Avec moins de publicité, Rachida Dati, notre pétulante gardes des Sceaux a d’ailleurs déjà largement anticipé les suites favorables attendues de ce procès. En procédant notamment à la réintégration au sein de ce même parquet de Georges Fenech, magistrat mis en examen dans ce dossier. Ainsi le 24 juin dernier la place Vendôme proposait elle la réintégration du magistrat au sein de l’administration centrale comme premier substitut, poste où il sera peut–être amené à donner des instructions au Parquet de Paris…
Présumé innocent, Georges Fenech a été mis en examen pour abus de bien social, par Philippe Courroye et Isabelle Prevost-Deprez après la découverte lors de l’enquête sur l’Angolagate d’un singulier virement en 1997 d’une somme de 100 000 francs par une société dirigée par Pierre Falcone au profit de la revue de l’APM - Association Professionnelle des Magistrats - alors présidée par Georges Fenech. En guise d’explication, Fenech et ses amis de l’APM expliqueront aux juges qu’il s’agissait de « 25 abonnements de soutien à 2000 l’unité sur 2 ans ».
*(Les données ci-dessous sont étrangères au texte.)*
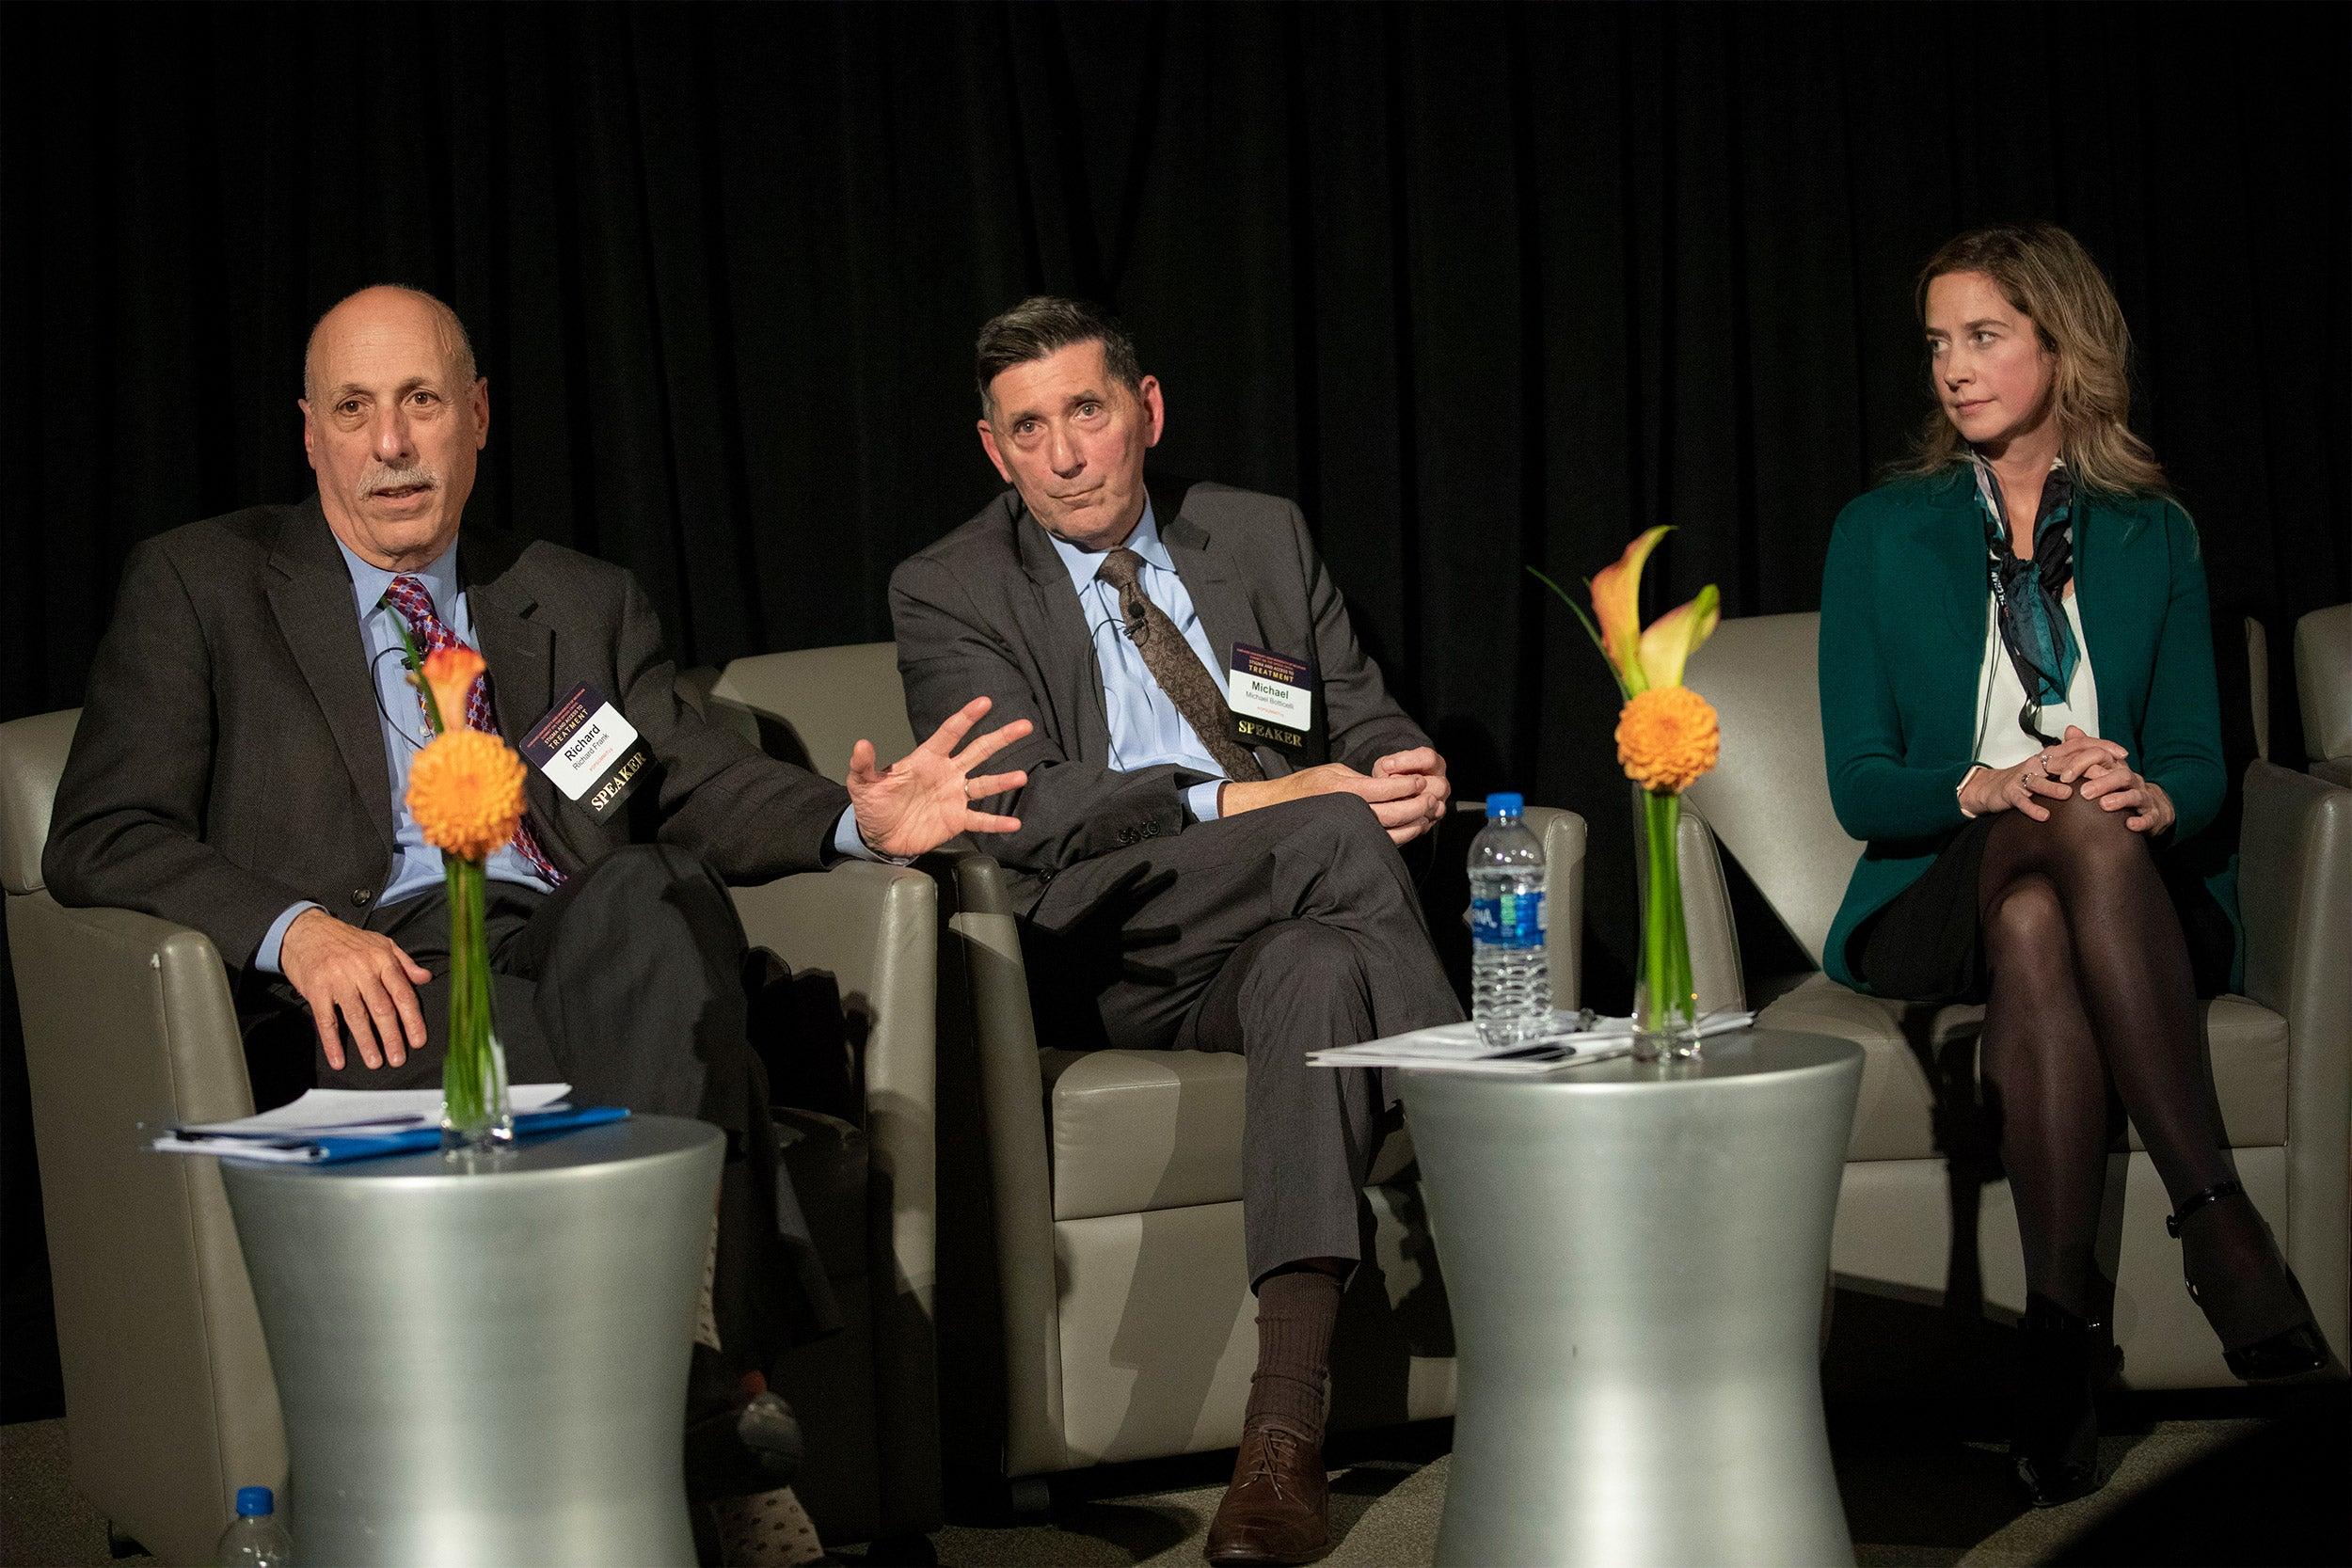 Richard Frank, HMS (from left), Michael Botticelli, Boston Medical Center, and Amy Bohnert, Univ. of Michigan speak inside the Martin Conference Center in the New

Incontestable soutien donc d’un marchand d’armes aux bonnes œuvres d’un syndicat de magistrats. Peut-être pas totalement désintéressé ? Mais comme le précisera Fenech lors de ses auditions, le magistrat indique ignorer que Falcone est alors engagé dans le commerce des armes. Mais de préciser que s’il l’avait su, il l’aurait rencontré quand même car « il n’avait rien contre l’industrie d’armement française ». Patriotisme quand tu nous tiens !
Incidemment ces 100 000 francs pesaient à la moitié du budget annuel du syndicat. Parmi les autres généreux donateurs de l’APM, Axa ( 10/ 12 000 / an), Promodès ( 12 000 ) et l’union des industries et métiers de la métallurgie (UIMM) pour une contribution de 50 000 francs / an pendant trois ans.
Plusieurs versements en liquide seront également mis à jour après épluchage de la comptabilité de l’APM. L’un de 60 000 francs au profit d’un certain « Georges » mais celui-ci ne sera jamais identifié. Un autre de 30 000 francs inscrits dans le livre de compte de l’association sous la mention « allocations diverses » et dont l’APM devait justifier la provenance en expliquant qu’il s’agissait du produit de la vente d’un livre de M. Fenech intitulé Main basse sur la justice. Ça ne s’invente pas !
Toujours est-il que l’ensemble de ces découvertes aboutissait à la mise en examen du magistrat pour recel d’abus de biens sociaux. Dans l’intervalle, Fenech se mettait en disponibilité et décidait d’embrasser une carrière politique. Élu député du Rhône en 2001, il était réélu aux dernières législatives de 2007 jusqu’à ce que le Conseil Constitutionnel invalide le 27 mars dernier son élection. En raison de problèmes dans ses comptes de campagne : des sorties d’argent en espèces non-justifiées. Tant de talents qui ne pouvaient rester plus longtemps inexploités a-t-on donc estimé à la Chancellerie.